Mar 29, 2025 - 12:40
 0
Test Data in TypeScript: Challenges, Solutions, and My Experience

Testing is an integral part of development, especially when it comes to complex applications. It allows us to ensure code quality and prevent unexpected errors. However, an important question every developer faces sooner or later is: how do you balance between thorough test coverage and the time spent writing them? Even more importantly, how do you avoid getting bogged down by the routine?

Working with test data is a challenge that can exhaust even the most patient developers. Simple tests with primitive parameters are quick and easy to write. But when your method deals with complex objects with nested structures, the situation becomes significantly more complicated. With each new test, more time is spent preparing the data, reducing readability, and increasing overall workload.

This story is not about promoting libraries or tools. It’s my personal experience with tackling typical issues related to data generation for TypeScript tests. I want to share the difficulties I’ve faced, how common approaches from other languages didn’t work, the solutions I eventually arrived at, and—hopefully—get some new perspectives on the problem from the community.

The Test Data Problem in Unit Testing

Writing a good test isn’t too difficult if the functional code adheres to SOLID principles and isn’t overloaded with logic—the test should also end up being simple and concise. But here’s where everything hits a wall: models.

As long as we’re dealing with concepts like “method accepts a string”, “method returns an int”, everything works smoothly. However, when we move on to working with objects, the issue of supplying data to each required model in every test arises.

At first glance, generating this data might seem trivial: we simply create objects with the required values. But in practice:

  1. Complexity of entities. The more complex the data types in the code (e.g., nested structures or collections with various objects), the harder it becomes to manually generate a valid test dataset.
  2. Quantity. There are a lot of tests, so preparing each dataset consumes a massive amount of time.
  3. Maintenance. During refactoring or changes to type structures, updating the test data manually becomes an additional burdensome task.

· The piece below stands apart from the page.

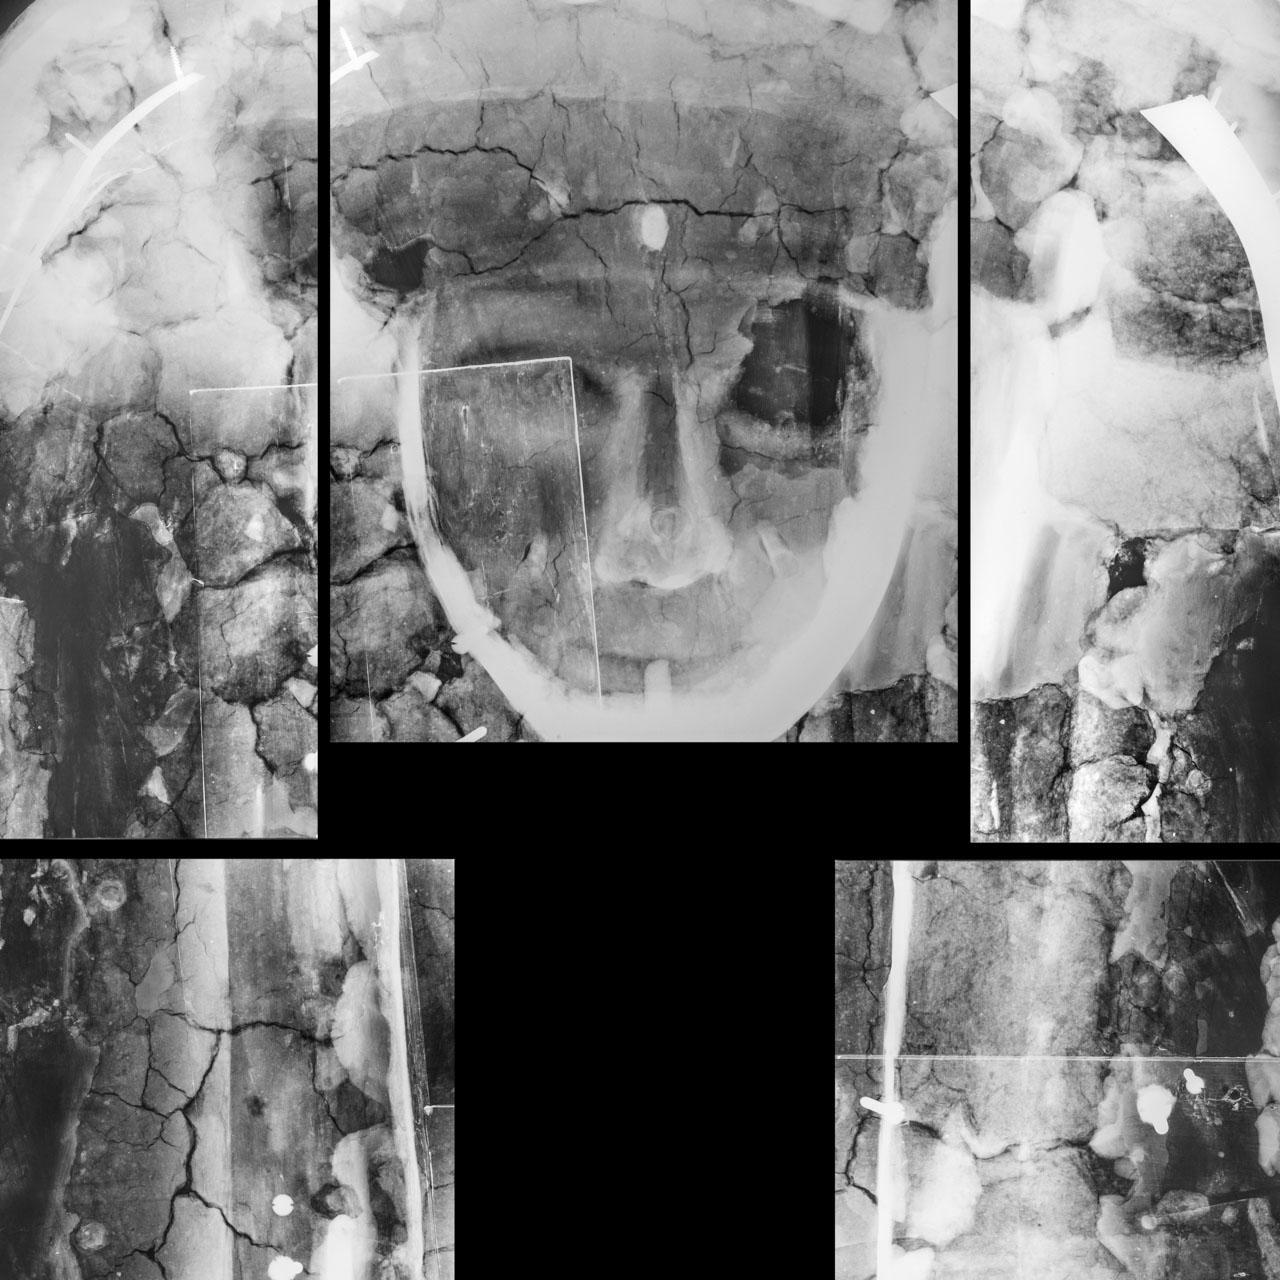 mummiekisten-RMO-thumb © René S. Gerritsen.jpg

Approaches to Generating Test Data

Below, I’ll describe a typical progression for a developer writing tests—perhaps you’ll recognize something from your own project.

Carrying Everything With You

The first approach is based on the same primitive principle—if I can define the value of an int variable directly in the test, why not populate a reference type in the same way?

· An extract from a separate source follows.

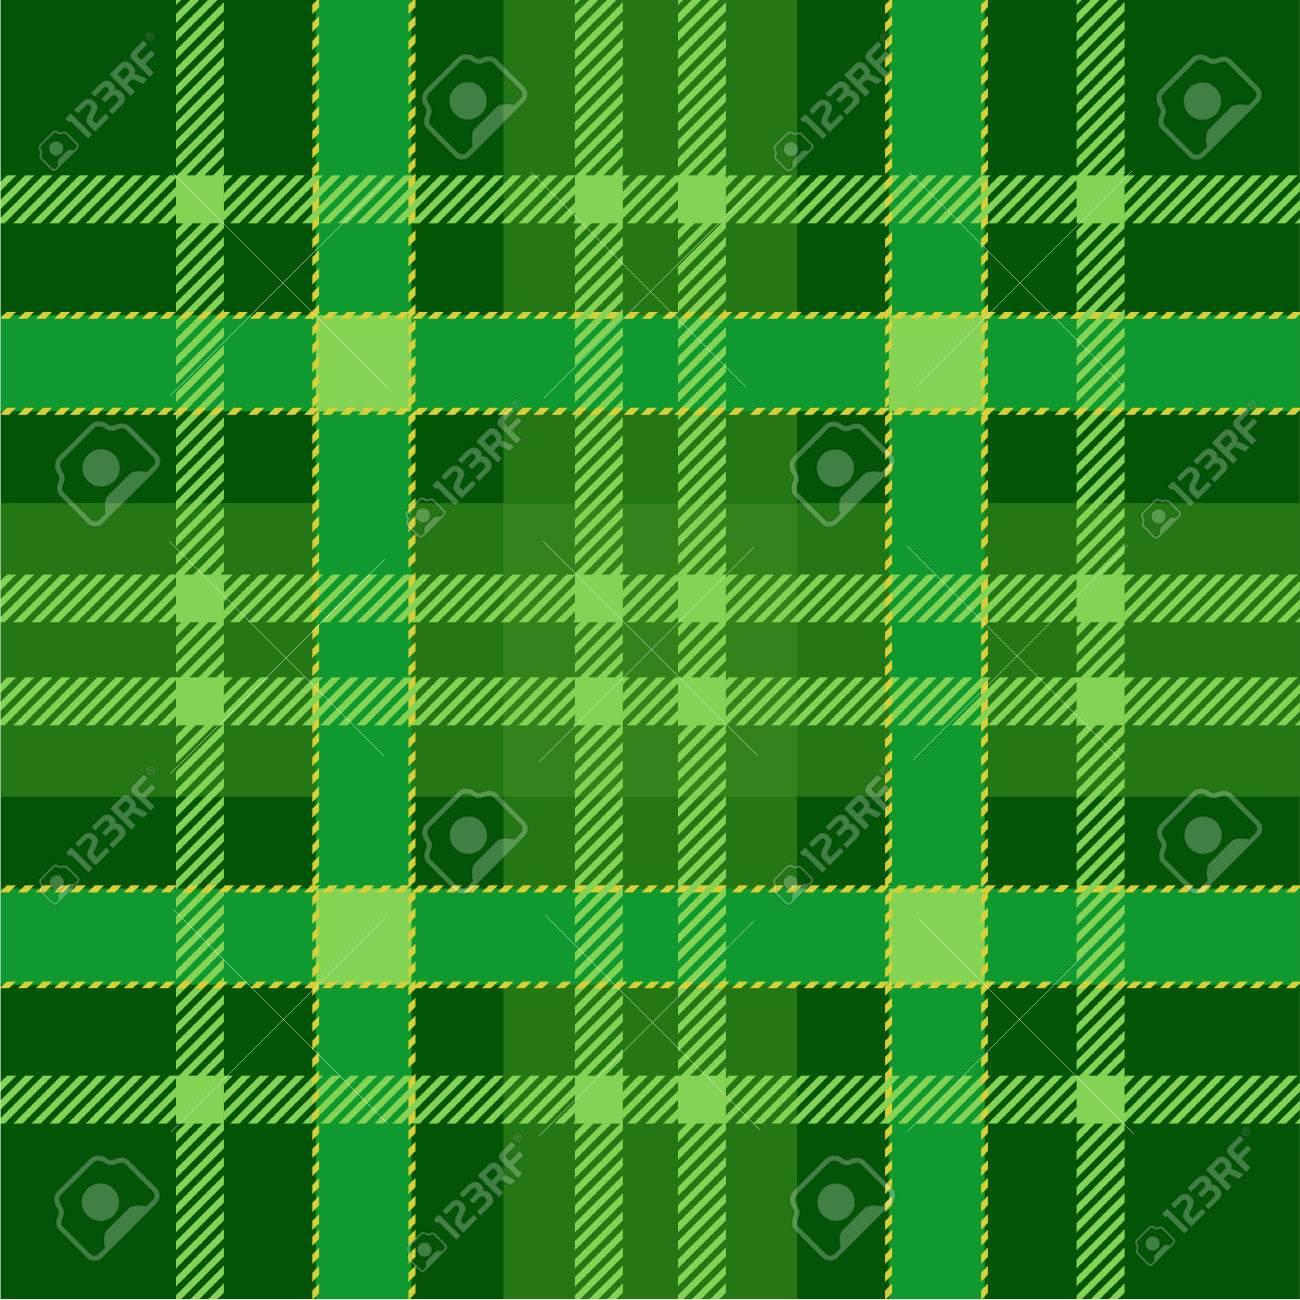 d4e54e728 Fondo Del Modelo Inconsútil Del Tartán De La Tela Escocesa. Ornamento  escocés tradicional verde. Tejas de tartán sin costuras. Ilustración ...

For simple objects like a Role class with fields Id and Name, this works, of course. But where there’s a role, there’s also a user that this role belongs to. Then there’s UserInRole, which links these two entities... If there’s a method in the functional code like "retrieve all role names for a user with login X", we’ll need to define not just one but three models.

The test grows as the model gets more complex. It becomes extremely inconvenient to read—how can you understand which of these details are truly important for the test (e.g., the user's login) and which are not?

With this approach, we:

  • Ruin readability.
  • Forget about brevity.
  • Spend a lot of time writing each test.

Special Methods in Test Classes

At some point, someone notices that the X class contains a lot of duplicate code across its tests. That duplicated code gets extracted into a separate method right there in the X class.

Tests become short again. We've stopped violating the principle of not duplicating code—although wait, there’s no such specific prohibition for test code! So, what did this achieve? Can we say we’ve improved the conciseness of the tests? To be fair, yes, the code is now cleaner. That’s a small victory!

But what about the downsides?

  • Readability has not only failed to improve—it may have actually become worse. Now, to understand what’s happening in a test, you have to jump back and forth between the test and the factory method.
  • Situations often arise where the same object needs to be used across different classes. If we create a fake in class A, what should we do in class B? Duplicate it? In a small project, this isn’t immediately noticeable, but once the project grows in scale, you find yourself drowning in problems.

Handwritten "Databases"

Eventually, a “genius” idea may arise: why not hard-code a fake database in static collections, predefine all the needed values and relationships, and use this data in our tests?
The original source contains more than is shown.